Microsoft MAI models expand the AI model foundry

What the Microsoft MAI Models Are and Why They Matter

Microsoft MAI models are a new in-house family of large-scale AI systems for reasoning, coding, image generation, voice, and transcription that developers can test in Microsoft’s AI model foundry with private preview access to tune and integrate them into customized, multimodal applications. At Build, Microsoft framed this launch as a move from depending on partner frontier models toward owning more of the underlying AI stack. MAI-Thinking-1 is the flagship reasoning model and is positioned as matching the performance of Anthropic’s Claude Opus 4.6 on key software engineering benchmarks. These systems are the same engines behind Copilot, Bing, PowerPoint, GitHub Copilot, and Azure Speech, now exposed through Foundry so teams can evaluate Microsoft-owned options alongside OpenAI, Anthropic, and Google models. For developers, that means a single place to compare multimodal AI tools, apply governance, and shape models more directly than prompt engineering alone.

Microsoft’s New MAI Models Bring Private Multimodal AI to Developers

MAI-Thinking-1: Long-Context Reasoning for Complex Workflows

MAI-Thinking-1 sits at the center of the Foundry push as Microsoft’s in-house reasoning engine. It uses a sparse Mixture-of-Experts design, activating only selected expert subnetworks per request to balance capacity and compute. Microsoft lists 35 billion active parameters, roughly 1 trillion total parameters, and a 256K-token context window, plus function calling and compatibility with the Chat Completions API. That long context allows a single prompt to include large codebases, full contracts, or extended instructions without fragmenting the task. According to Microsoft AI, “For the first time developers will be able to tune the weights of the model themselves,” giving teams deeper adaptation than prompt tweaks or retrieval alone. MAI-Thinking-1 is aimed at chained reasoning tasks, long-context analysis, and code-heavy workflows where traceability and model behavior control matter as much as raw benchmark scores.

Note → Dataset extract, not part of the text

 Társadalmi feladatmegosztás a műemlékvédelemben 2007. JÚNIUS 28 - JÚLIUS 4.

Code Generation Models Turn ‘Vibe Coding’ into a Platform Feature

Beyond reasoning, the MAI family brings dedicated code generation models into the AI model foundry for the first time. MAI-Code-1-Flash, a 5 billion parameter coding system, converts written descriptions into working source code for applications and websites, a process Microsoft has described as “vibe coding.” MAI-Code-1 and MAI-Code-1-Flash are integrated into GitHub Copilot, Visual Studio Code, and the broader Microsoft developer stack, but Foundry access lets teams treat them as configurable components rather than fixed assistants. Developers working on code generation models can now compare MAI-Code with OpenAI or Anthropic coding tools under a single governance and deployment layer. With MAI-Thinking-1 able to handle long-context reasoning over entire repositories and MAI-Code models handling snippet creation and refactoring, teams can begin to design end-to-end, reasoning-heavy development workflows inside one multimodal AI platform.

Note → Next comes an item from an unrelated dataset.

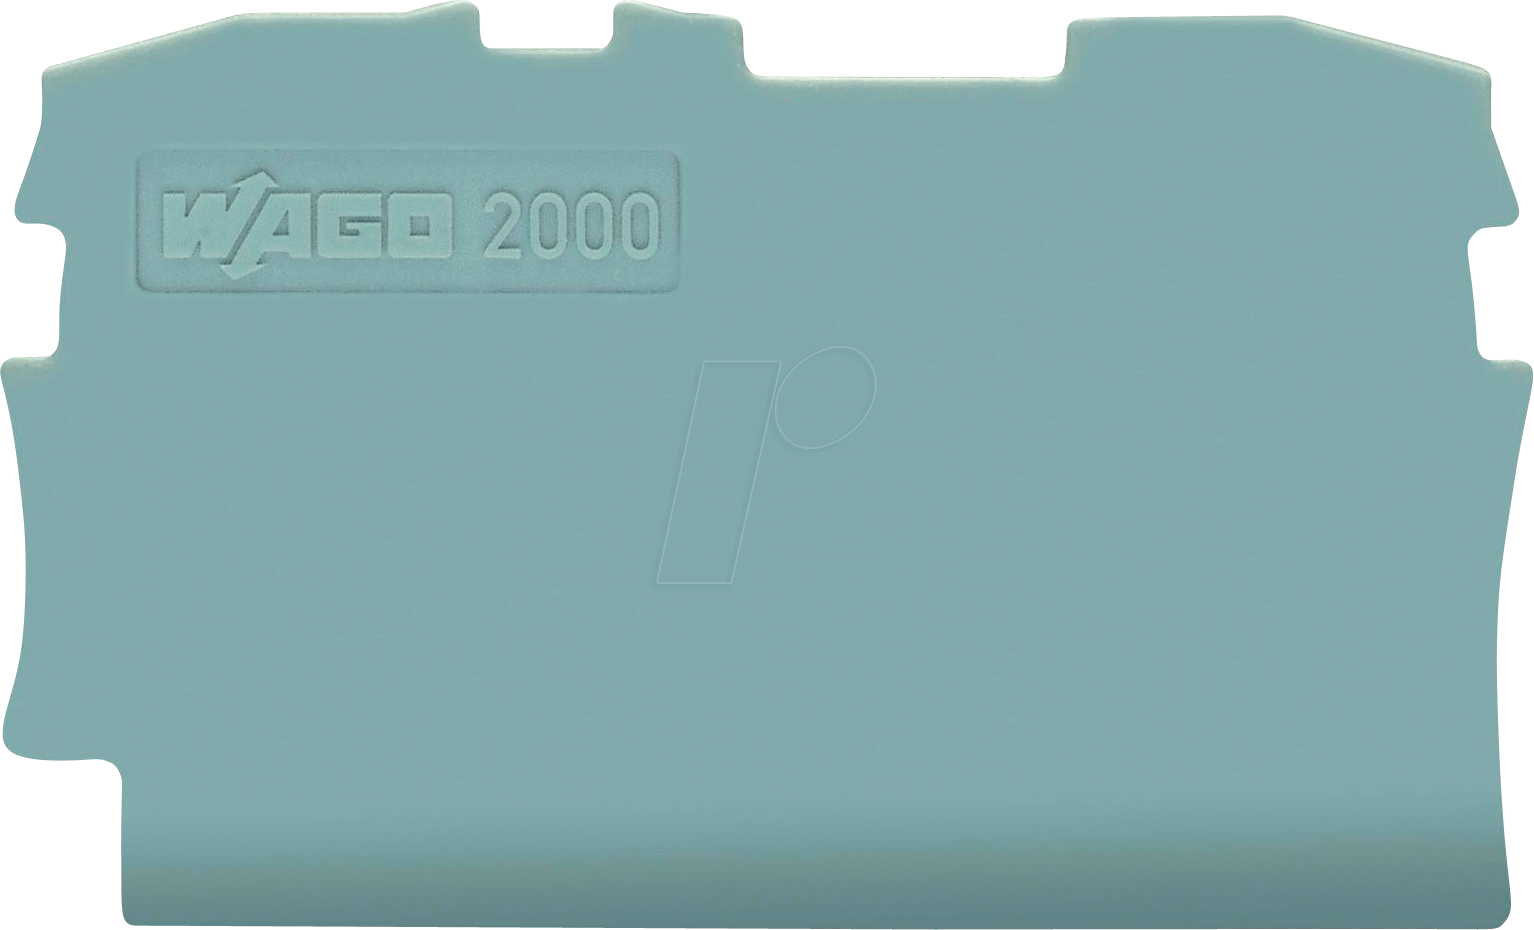 WAGO 2000-1291 - Abschluss- und Zwischenplatte für WAGO 2000 von WAGO

Image, Voice, and Transcription Bring Full Multimodal AI Tools

The seven new Microsoft MAI models round out Foundry with image, voice, and transcription capabilities aimed at real product workflows. MAI-Image-2.5 and its Flash variant add text-to-image generation and editing, with control-with-preservation features for adjusting style or elements without losing the core layout. Microsoft says MAI-Image-2.5 now ranks third among image generation model families in one public Arena ranking. MAI-Voice-2 is a multilingual text-to-speech and voice cloning model spanning more than 15 languages, while MAI-Transcribe-1.5 supports 43 languages and is presented as delivering up to five-times-faster transcription with better domain-specific terminology handling. Together, these multimodal AI tools let developers build apps that move from text prompts to images, synthetic voices, and transcripts within a single Microsoft-owned model family, rather than stitching together disconnected third-party services.

Private Developer Preview and the Future of the AI Model Foundry

All seven MAI systems enter Foundry in a staged rollout, with MAI-Thinking-1 in private preview for Foundry customers and a public MAI Playground preview planned later. Developers and enterprise teams gain early developer preview access to reasoning, code, image, voice, and transcription models under the same governance controls already used for OpenAI, Anthropic, and Google options. This turns Foundry into more than a catalog: it becomes Microsoft’s decision hub for comparing in-house and partner models by performance, latency, and integration fit. Microsoft says the models are trained on commercially licensed data without distillation from third-party systems, a stance aimed at customers that weigh IP and provenance concerns. As MAI models expand to platforms like OpenRouter, Fireworks, and Baseten, Foundry’s role may shift from a Microsoft-only destination into one part of a broader, multi-provider AI stack that still offers deeper tuning of Microsoft-owned models.